Den ersten Preis in der Kategorie „Stiftung“ erhielt die Kirchengemeinde Leonberg. Unter der Schirmherrschaft des früheren Präsidenten des VfB Stuttgart, Erwin Staudt, und des Dirigenten Helmuth Rilling hat sie innerhalb von zwei Jahren ein Vermögen von 371.000 Euro für die Stiftung Stadtkirche Leonberg und Michaelskirche Eltingen gesammelt. Aus den Erträgen sowie aus verbrauchbaren Vermögensanteilen sollen Erhaltungsmaßnahmen beider Kirchen finanziert werden. 

Eine neue Orgel brauchte die Martinskirche in Langenau (Kirchenbezirk Ulm). Dank einer mehrjährigen Spendenkampagne mit Benefizaktionen und Pfeifenpatenschaften wurden 560.000 Euro gesammelt und die Orgel finanziert. Dafür wurde die Kirchengemeinde mit dem ersten Preis in der Kategorie „Gesamtkonzept“ gewürdigt. 

Im wahrsten Sinne des Wortes in aller Munde war das Benefiz-Kirchenbrot in Donnstetten-Westerheim (Kirchenbezirk Bad Urach-Münsingen). Das gemeinschaftliche Vorbereiten, Backen und Verkaufen zugunsten der Gemeindearbeit brachte den ersten Preis in der Kategorie „Einzelmaßnahme“.

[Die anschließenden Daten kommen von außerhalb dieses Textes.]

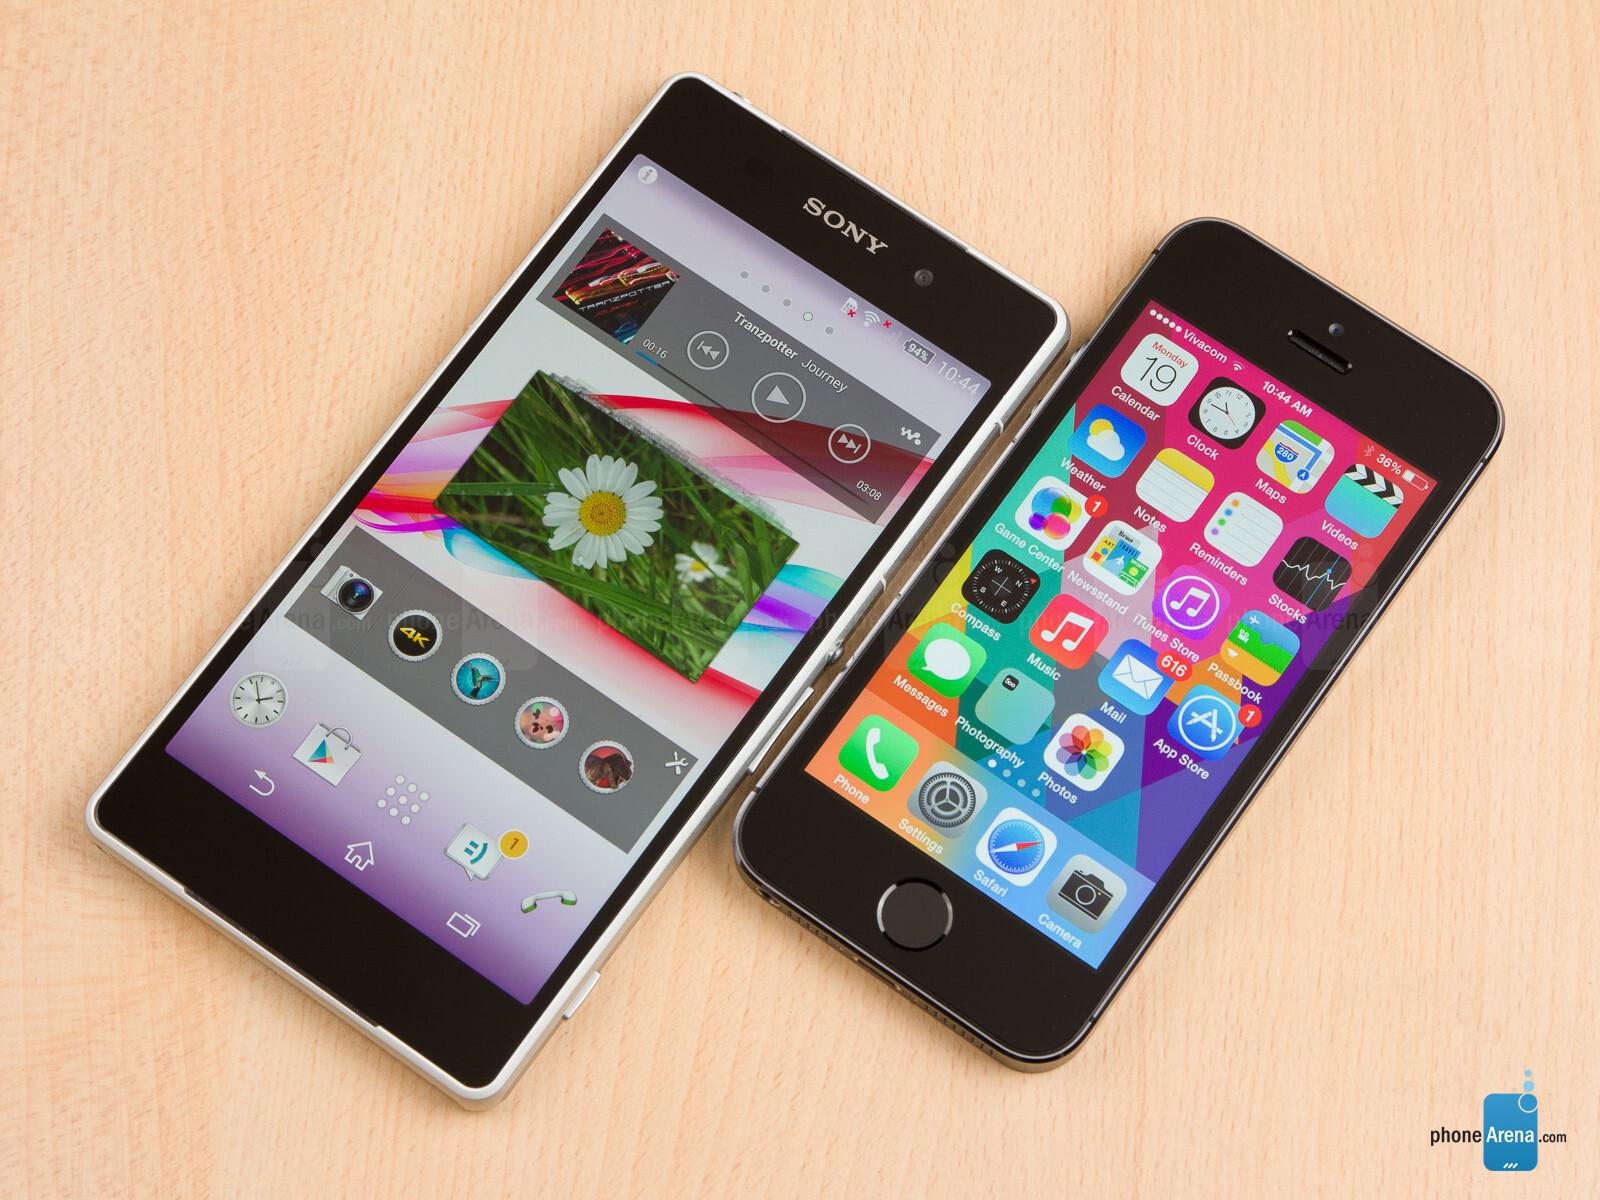 Sony Xperia Z2 vs Apple iPhone 5s 01

Weitere Gewinner kamen aus Ehningen, Aichwald, Wildberg, Zainingen, Holzmaden und Ersingen. Den Anerkennungspreis erhielt die Evangelische Kirchengemeinde Herrenberg für ihr Projekt „Zuflucht in der Fremde“. Dabei hat die Gemeinde 120.000 Euro gesammelt, um eine Stelle zur Flüchtlingsbetreuung zu finanzieren.

Die Preisgelder stifteten der Versicherer im Raum der Kirchen, die Evangelische Bank, das Evangelische Gemeindeblatt für Württemberg, die Evangelisches Medienhaus GmbH, die Fundraising Akademie, die Deutsche Post, Feil Marketing Fundraising und die Stiftung der Landeskirche.